┌──
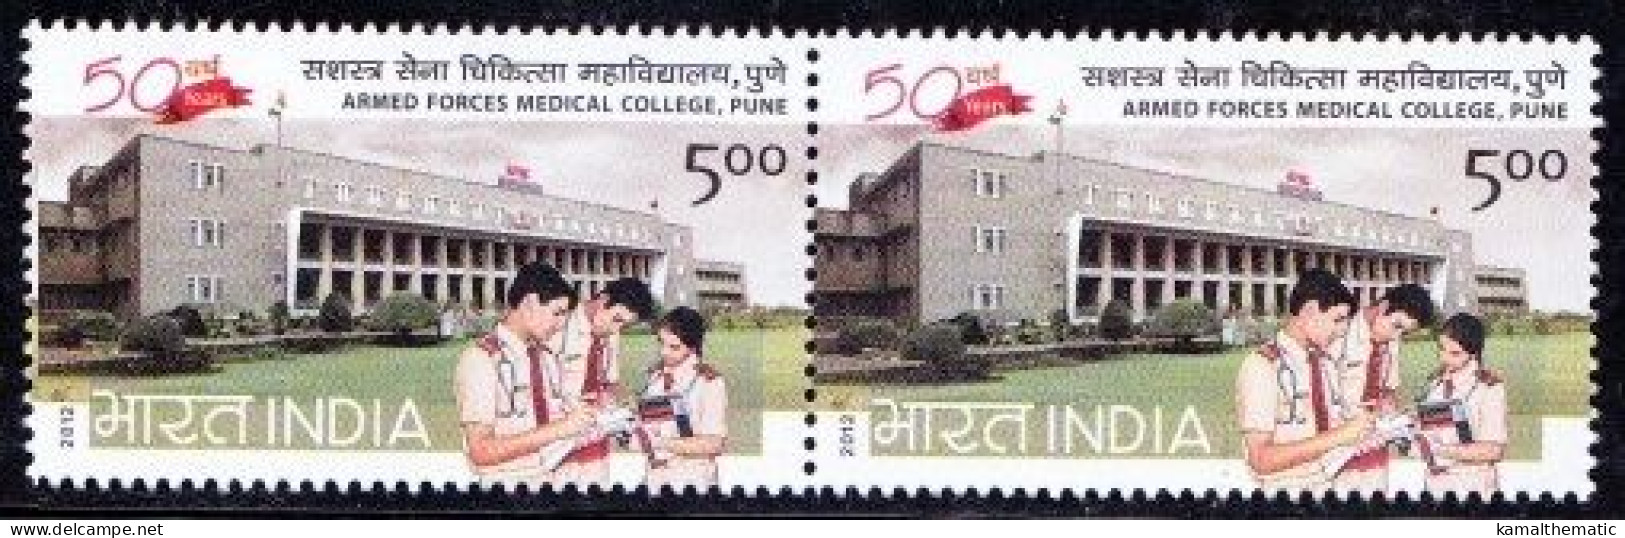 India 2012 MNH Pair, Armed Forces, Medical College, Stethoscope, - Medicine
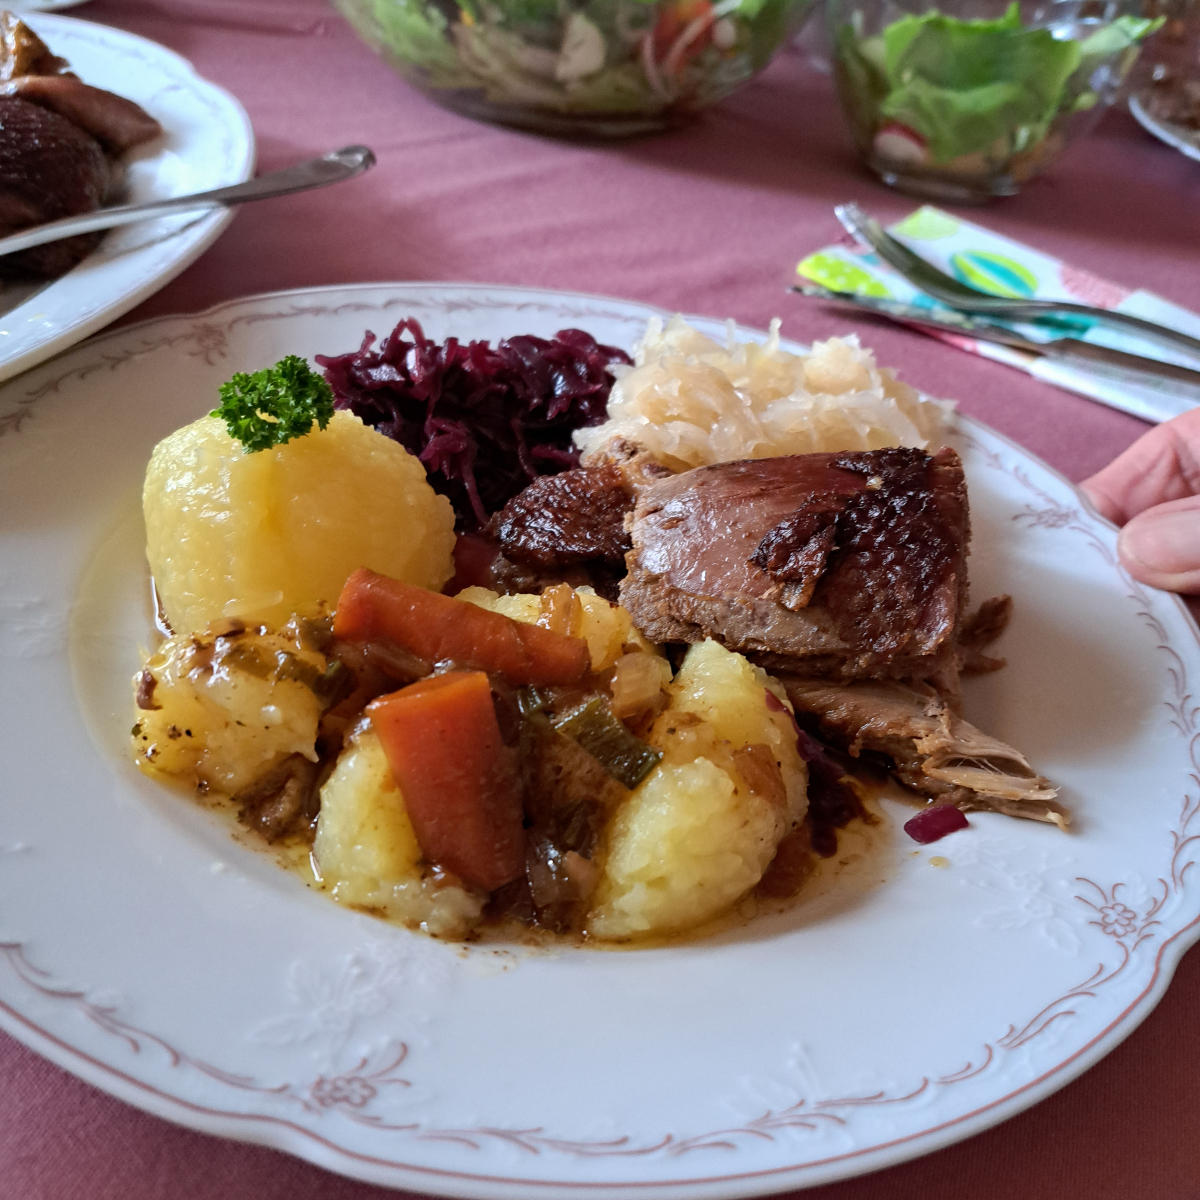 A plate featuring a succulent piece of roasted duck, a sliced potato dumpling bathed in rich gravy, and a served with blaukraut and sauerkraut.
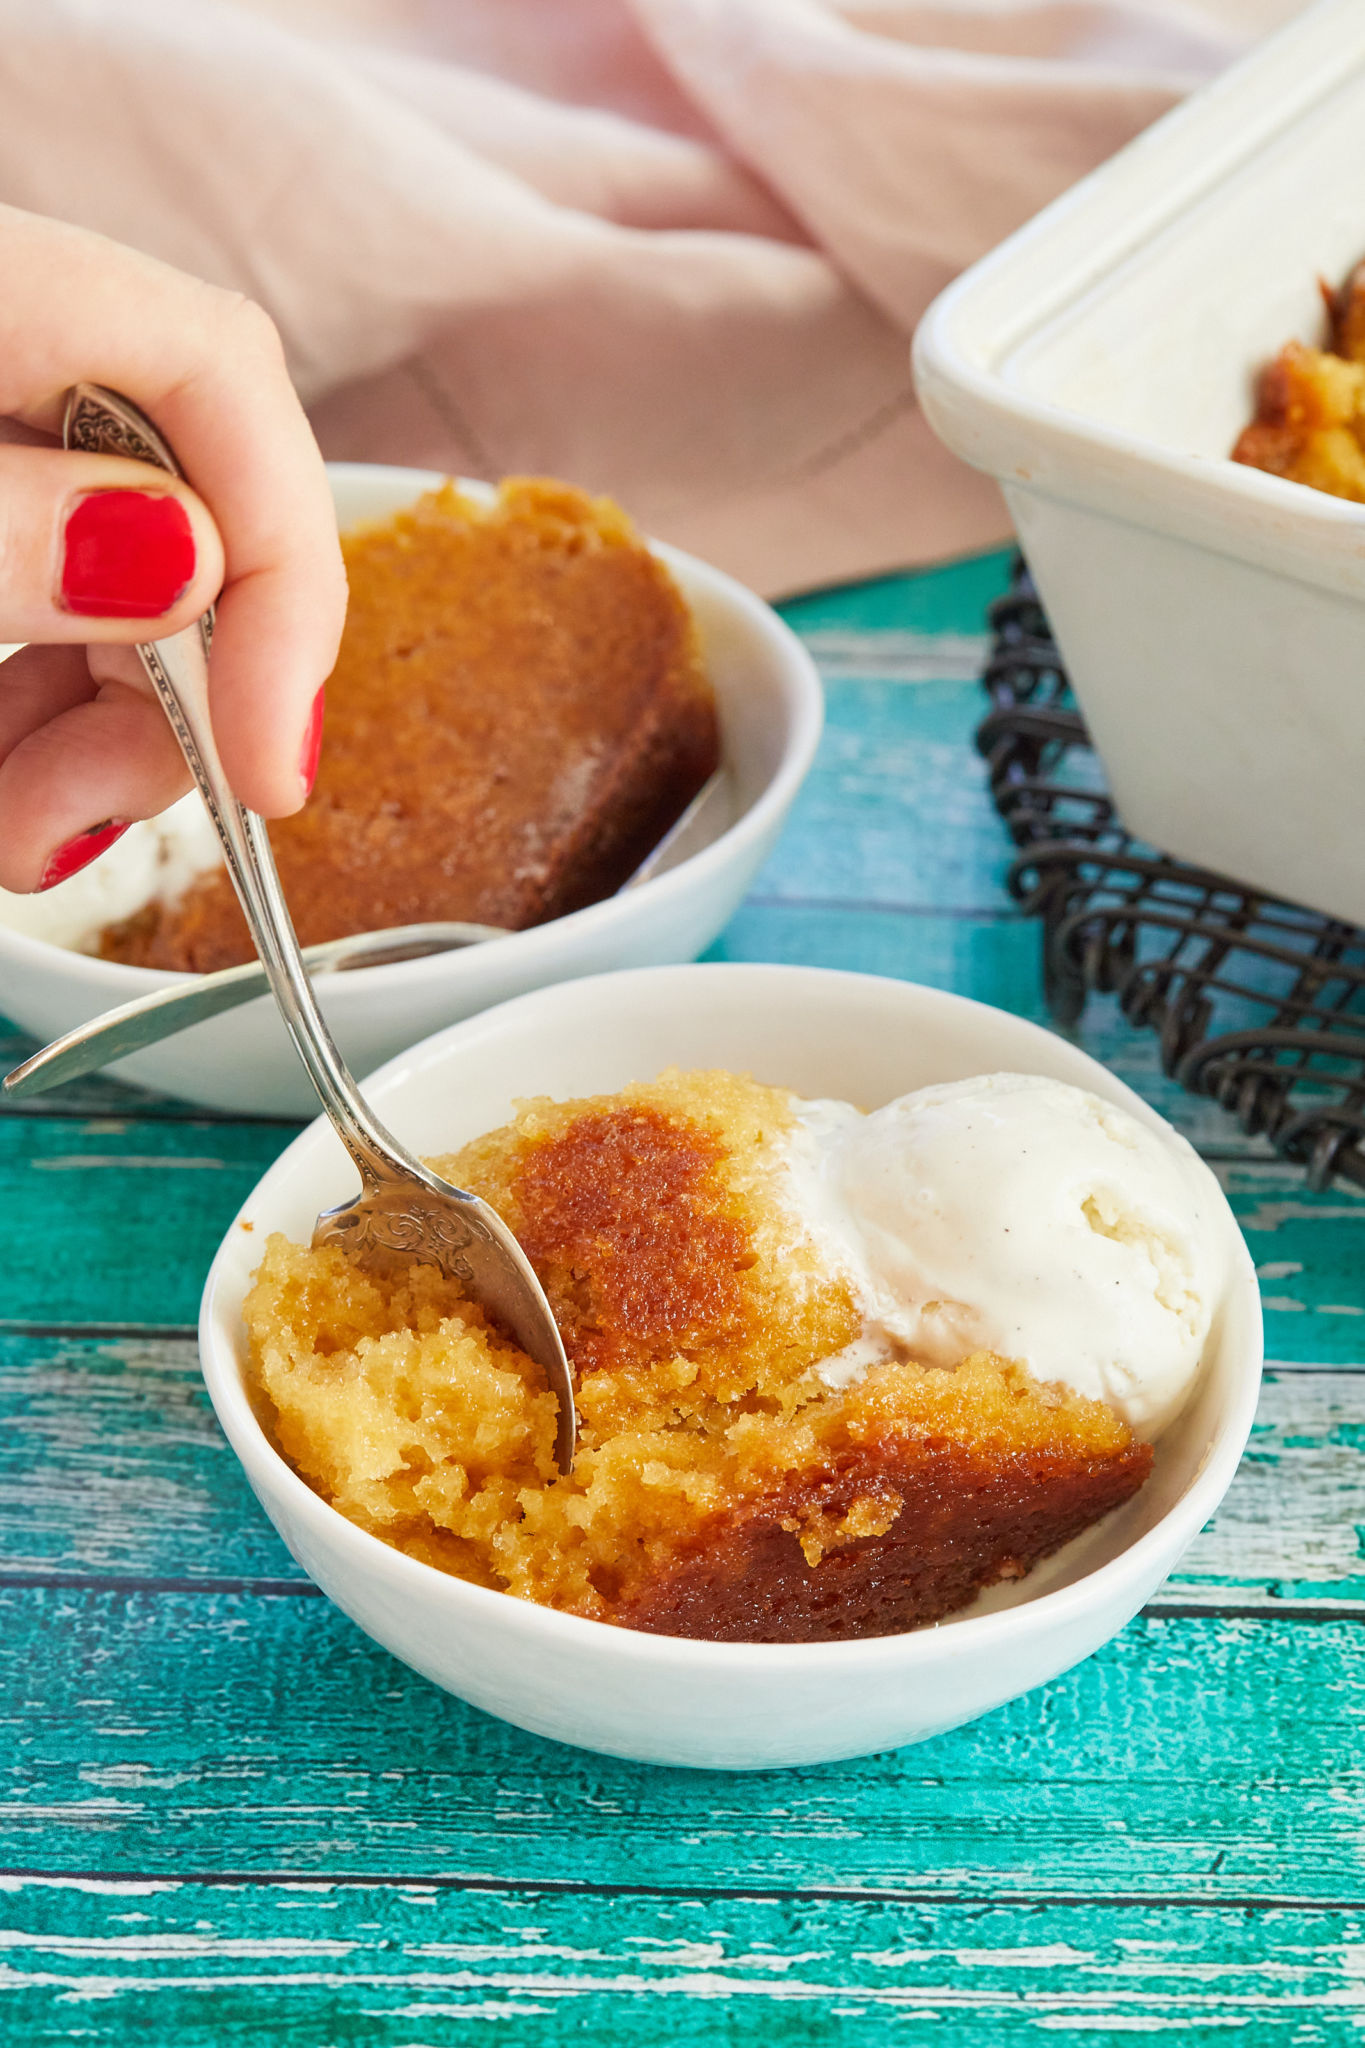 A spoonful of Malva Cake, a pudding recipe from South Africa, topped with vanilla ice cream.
└──
▶ _Problem details_
Give the preceding data back exactly, minus every picture.

▶ _Expected answer_
 India 2012 MNH Pair, Armed Forces, Medical College, Stethoscope, - Medicine
 A plate featuring a succulent piece of roasted duck, a sliced potato dumpling bathed in rich gravy, and a served with blaukraut and sauerkraut.
 A spoonful of Malva Cake, a pudding recipe from South Africa, topped with vanilla ice cream.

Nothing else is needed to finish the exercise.